EXERCISE OBJECTIVE: Apart from the pictures, which must be omitted, restate the data exactly.

===== GIVEN DATA =====

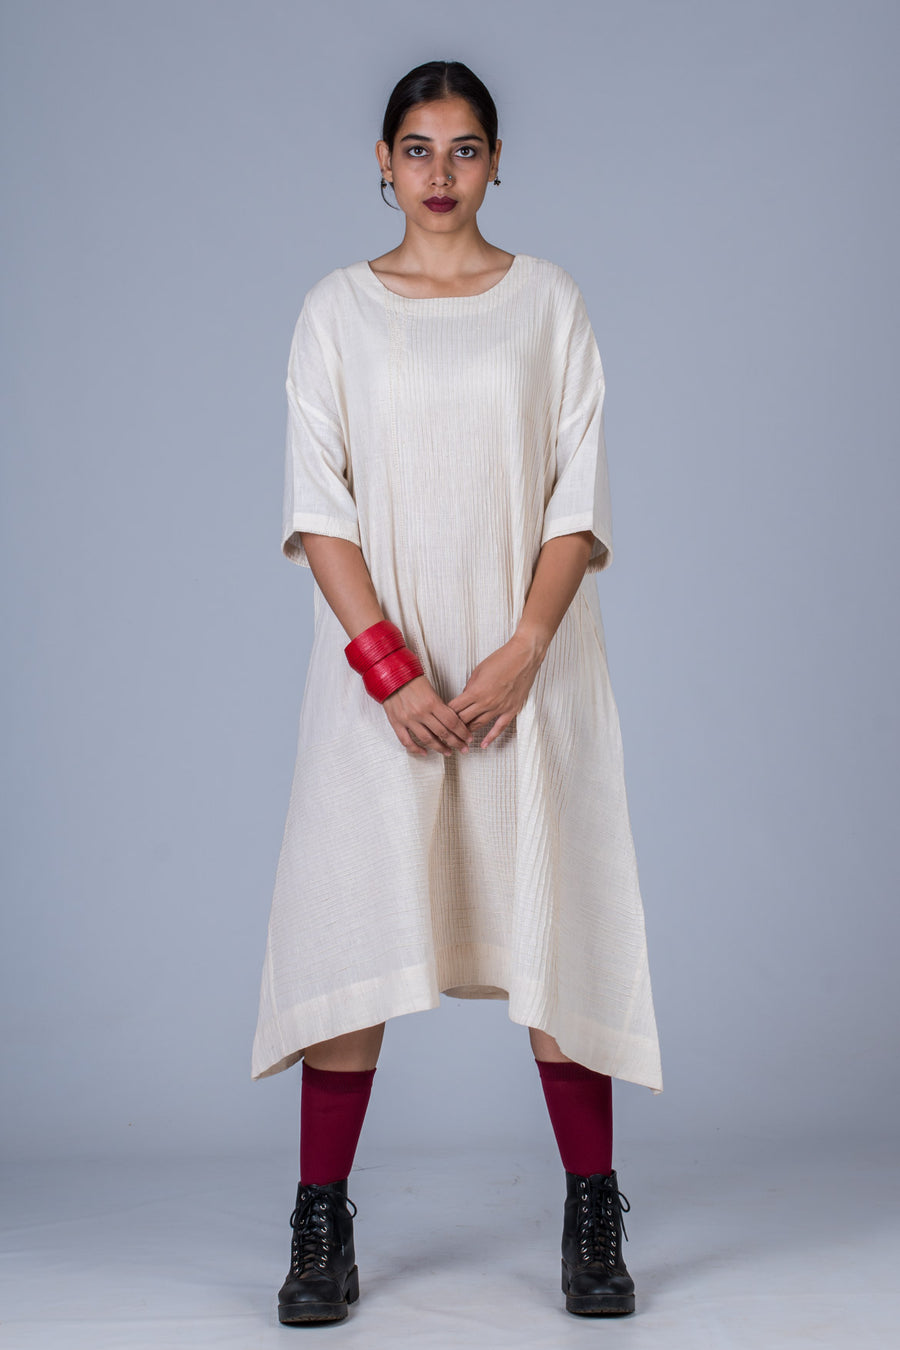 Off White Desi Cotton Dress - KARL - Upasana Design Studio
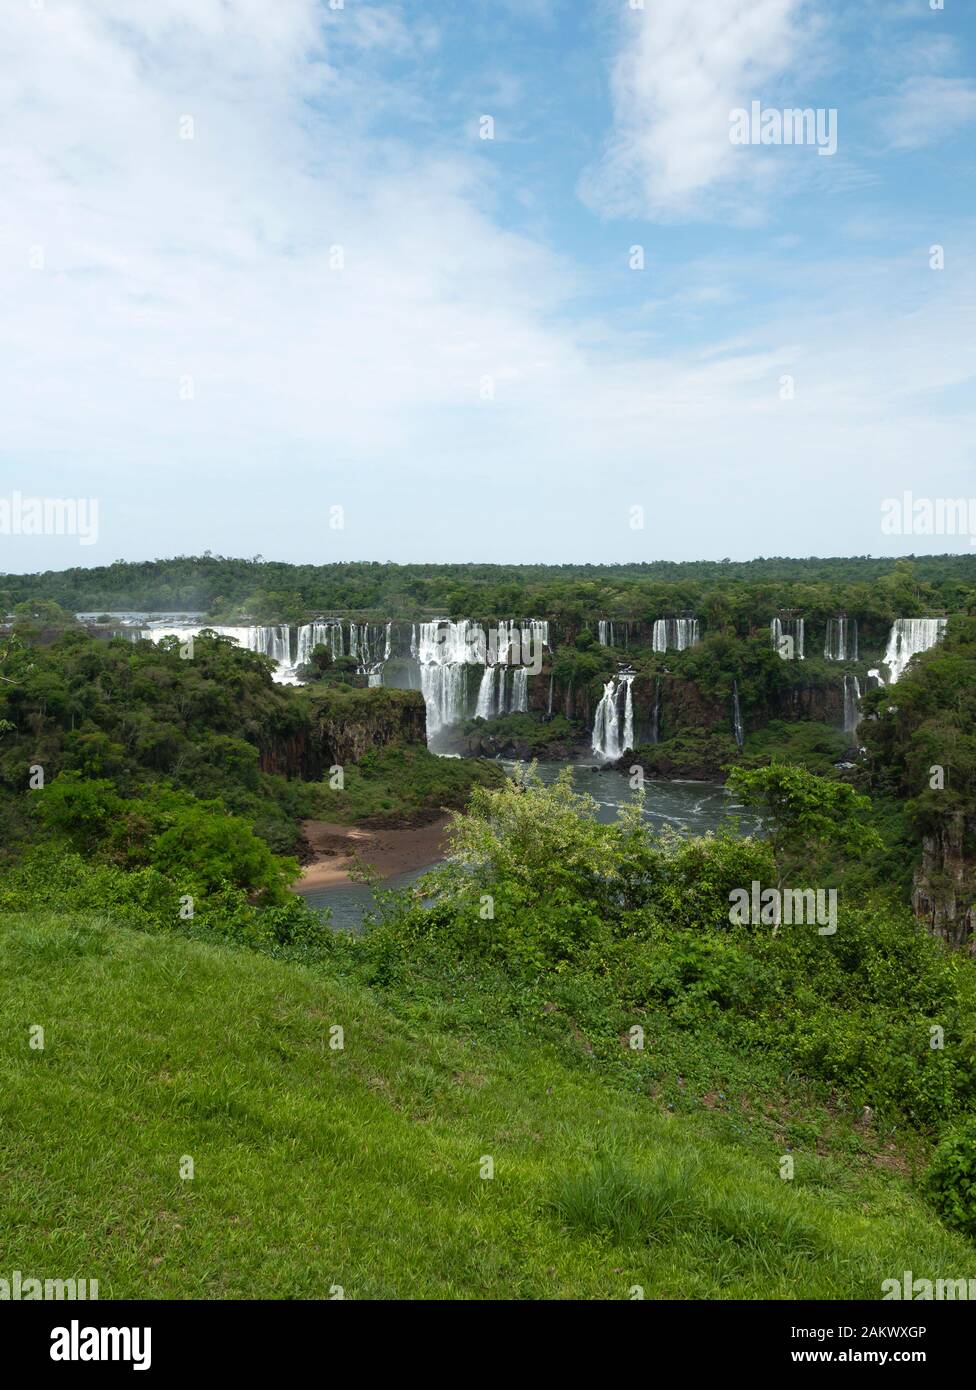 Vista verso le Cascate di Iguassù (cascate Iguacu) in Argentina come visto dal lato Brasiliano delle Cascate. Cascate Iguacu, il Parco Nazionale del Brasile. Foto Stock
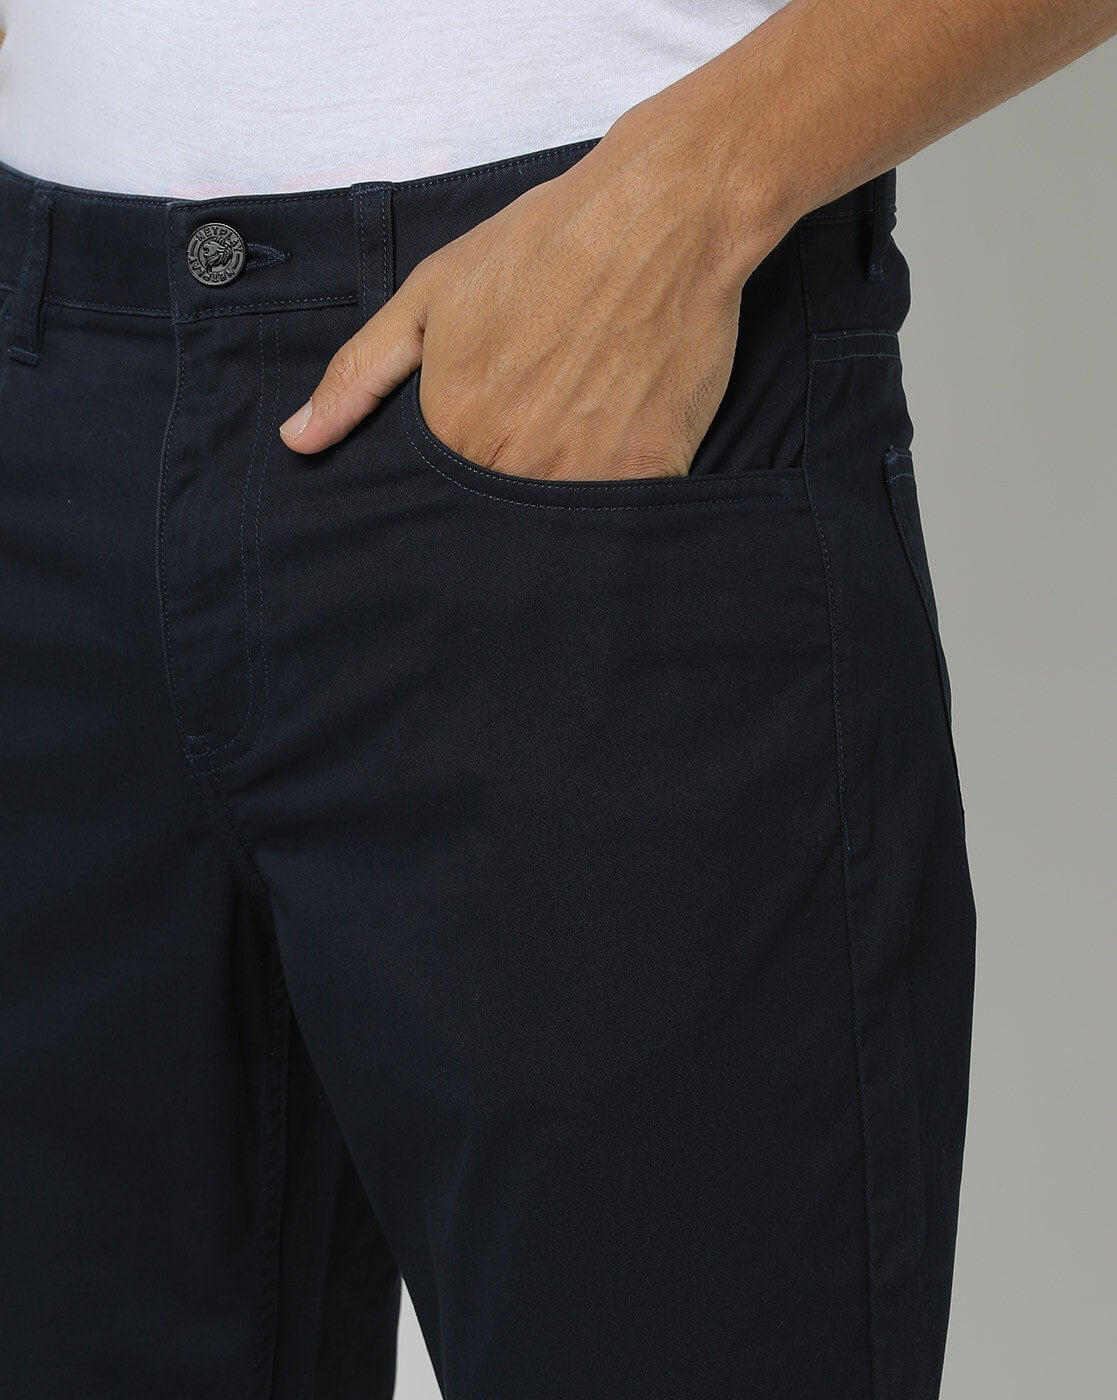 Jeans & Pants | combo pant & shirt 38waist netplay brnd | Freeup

=====

YOUR SOLUTION:
 Off White Desi Cotton Dress - KARL - Upasana Design Studio
 Vista verso le Cascate di Iguassù (cascate Iguacu) in Argentina come visto dal lato Brasiliano delle Cascate. Cascate Iguacu, il Parco Nazionale del Brasile. Foto Stock
 Jeans & Pants | combo pant & shirt 38waist netplay brnd | Freeup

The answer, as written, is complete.